Faecal E. coli can act as reservoirs for resistance genes. Here, we analyzed prevalence of drug resistance in faecal E. coli isolated from healthy children at a single kindergarten in Beijing, China, then used whole genome sequencing to characterize fluoroquinolone-non-susceptible strains. Our results revealed high resistance to ampicillin (54.0%), trimethoprim/sulphurmethoxazole (47.5%) and tetracycline (58.9%) among 576 faecal E. coli isolates, 49.2% of which exhibited multidrug resistance. A total of 113 E. coli isolates were not susceptible to ciprofloxacin, with four sequence types, namely ST1193 (25.7%), ST773 (13.3%), ST648 (8.8%) and ST131 (7.1%) found to be the most prevalent (54.9%). With regards to resistance to quinolones, we detected chromosomal mutations in gyrA, parC, and parE in 111 (98.2%), 105 (92.9%), and 67 (61.1%) isolates, respectively. bla CTX-M (37.2%) was the major ESBL gene, whereas bla CTX-M-14 (12.4%) and bla CTX-M-27 (11.5%) were the most frequent subtypes. A total of 90 (79.6%) ExPEC and 65 (57.5%) UPEC isolates were classified. Overall, these findings revealed clonal spread of certain prevalent STs, namely ST1193, ST773, ST648 and ST131 E. coli isolates in healthy children within a single kindergarten in Beijing, China, affirming the seriousness of the multidrug resistance problem and potential pathogenicity of E. coli isolates in healthy children. Therefore, there is an urgent need for increased surveillance to enhance control of this problem.

Introduction

Escherichia coli is an important foodborne opportunistic pathogen, that causes various extraintestinal infections, such as urinary tract infections and septicemia (Zhong et al., 2019; Bonten et al., 2021). Previous studies have reported a high prevalence of fluoroquinolone resistance and extended-spectrum β-lactamase (ESBL) production worldwide (Palma et al., 2017; Boll et al., 2020; Stapleton et al., 2020). In China, more than 50% of E. coli strains isolated from community-acquired infections are resistant to fluoroquinolones (Zhao et al., 2015), while 16% of these strains are reported to be ESBL-producing (Ling et al., 2006). Faecal E. coli can act as reservoirs for resistance genes, and are also considered a useful indicator for the spread of acquired antibiotic resistance genes in the community (Nys et al., 2004; Salyers et al., 2004). While geographical variation had been demonstrated in resistance rates of E. coli isolates in feces of healthy children (Sahoo et al., 2012), resistances to commonly used antibiotics like ampicillin, tetracycline and trimethoprim/sulfamethoxazole were frequently observed, especially in developing countries (Bartoloni et al., 2006; Dyar et al., 2012; Shakya et al., 2013; Ferjani et al., 2018; Mahmoodi et al., 2020). Over 90% of faecal samples from Chinese children tested positive for β-lactam, macrolide, tetracycline, and aminoglycoside resistance genes (Ravensdale et al., 2018), indicating the magnitude of the problem of antimicrobial drug resistance in China. To date, however, only a handful of reports have described antibiotic resistance in faecal E. coli among Chinese healthy children (Lester et al., 1990; Huang et al., 2018).
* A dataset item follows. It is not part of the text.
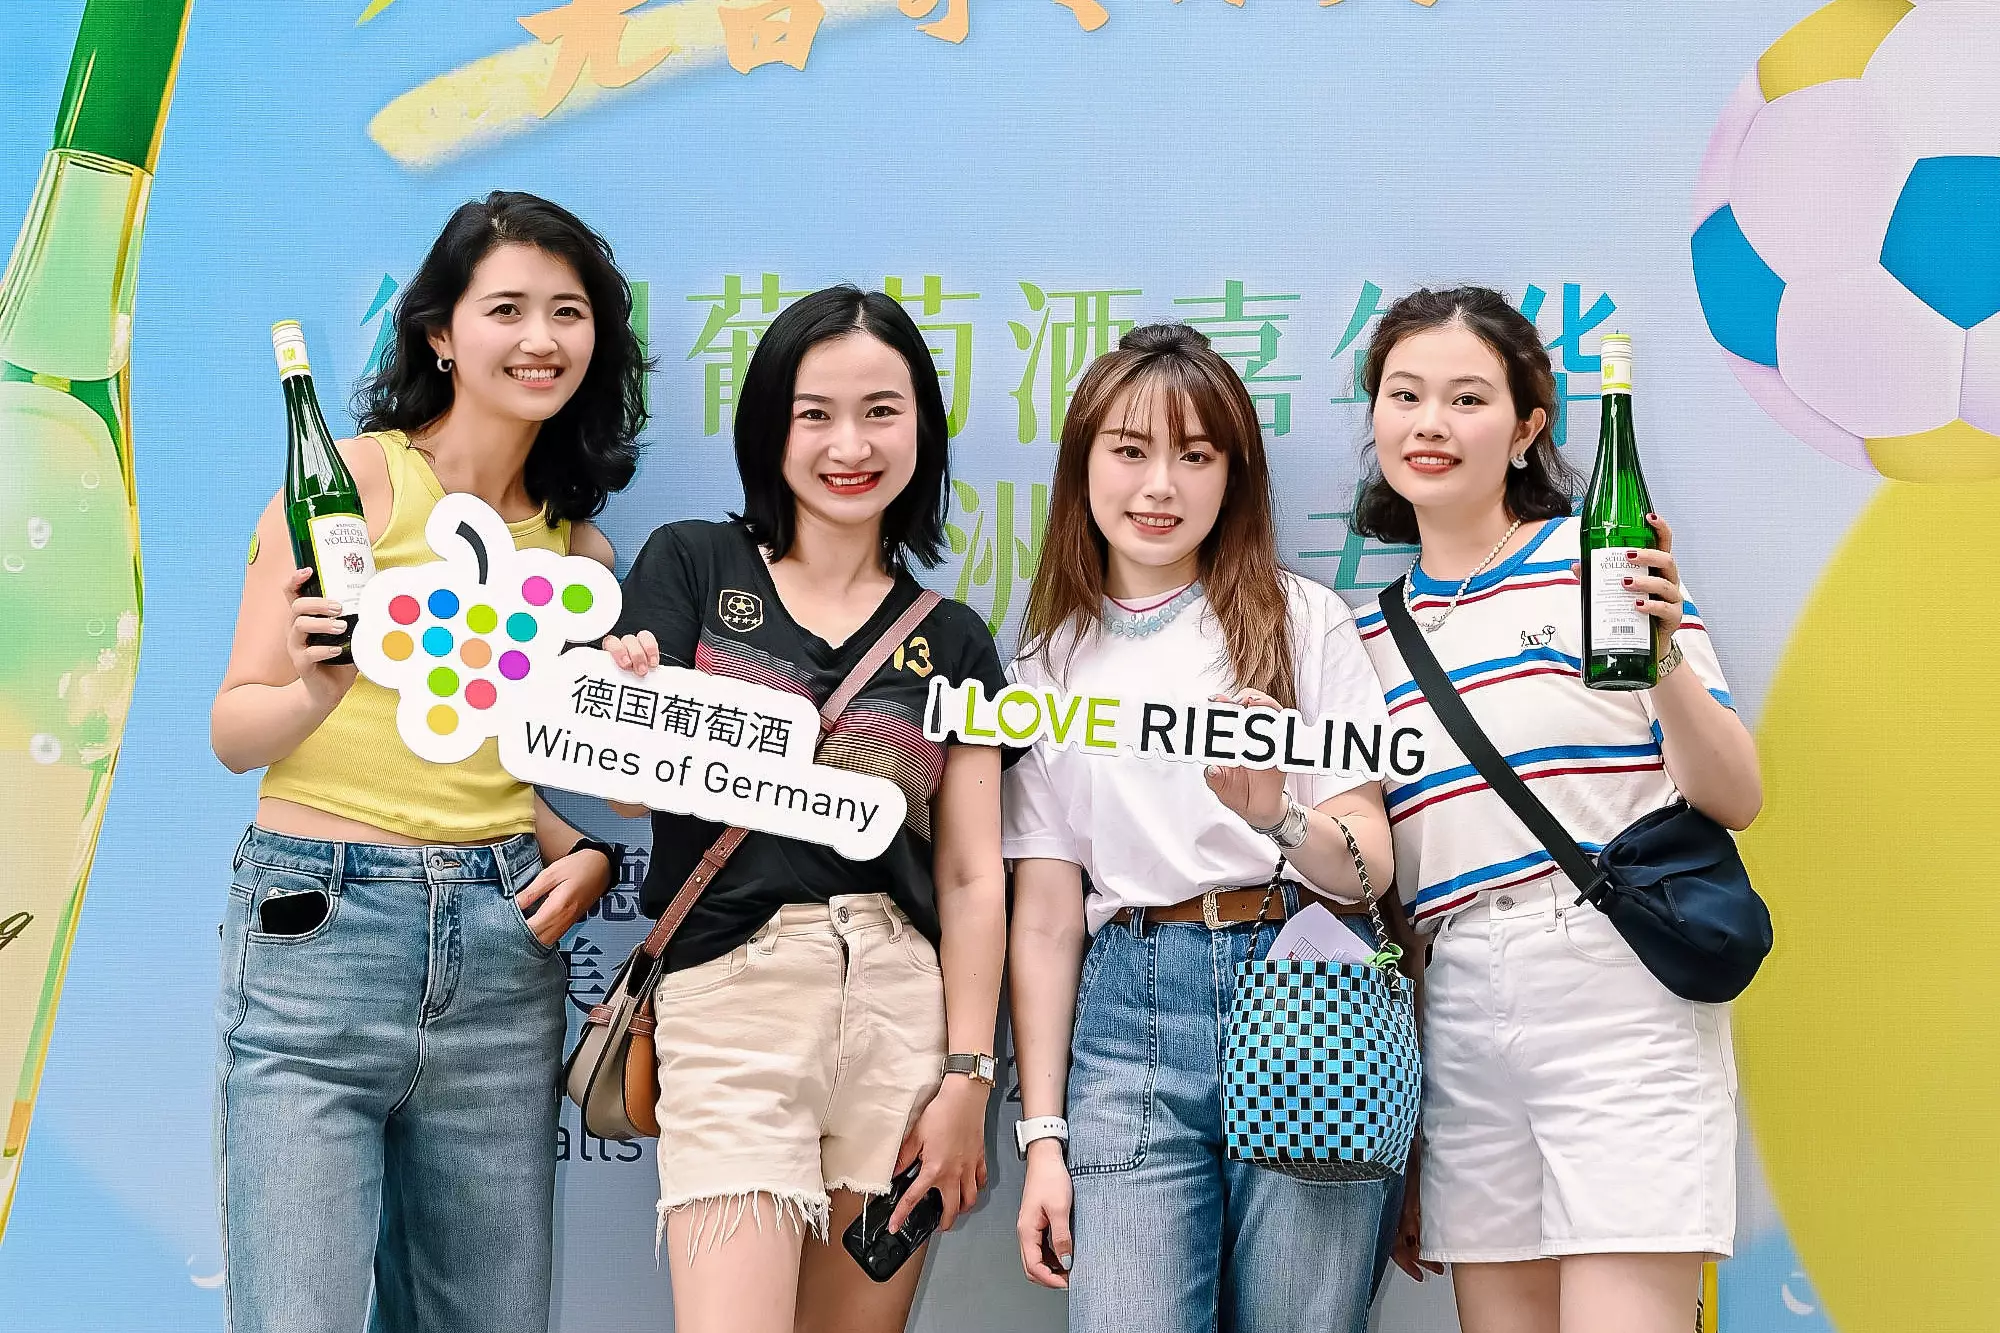 Durch die Veranstaltung von "Summer of Riesling" - Partys in ganz China bringt die Initiative den chinesischen Verbrauchern die köstlichen Erlebnisse näher, die deutsche Weine bieten, und schafft eine einzigartige Verbindung von Sommerfeeling und Weingenuss.

In the present study, we focused on fluoroquinolone resistance in children, since it is restricted in the pediatric population due to concerns about significant adverse effects associated with its use (Jackson and Schutze, 2016). To this end, we determined prevalence of resistance genes in E. coli isolated from rectal swabs from healthy children in China, then applied whole genome sequencing to characterize fluoroquinolone-non-susceptible strains.

Materials and Methods

Bacterial Strains and Antimicrobial Susceptibility Testing

A total of 596 nonduplicate E. coli strains were isolated from rectal swab samples collected as part of routine physical examination from 736 children, aged between 3 and 6 years, at a kindergarten in Beijing, China, in October 2018. The strains were identified by matrix-assisted laser desorption/ionization time-of-flight mass spectrometry (MALDI-TOF MS) (Vitek MS; bioMérieux, France). The minimal inhibitory concentrations (MICs) of 10 antimicrobial agents, namely ampicillin, ampicillin/sulbactam, trimethoprim/sulfamethoxazole, ciprofloxacin, chloramphenicol, gentamicin, tetracycline, cefotaxime, ceftazidime, and imipenem, were assessed by the agar dilution method with E. coli strain ATCC 25922 as the control according to CLSI 2018. Multidrug resistance (MDR) was defined as resistance of an isolate to any antibiotic from at least three different antibiotic groups (Magiorakos et al., 2012).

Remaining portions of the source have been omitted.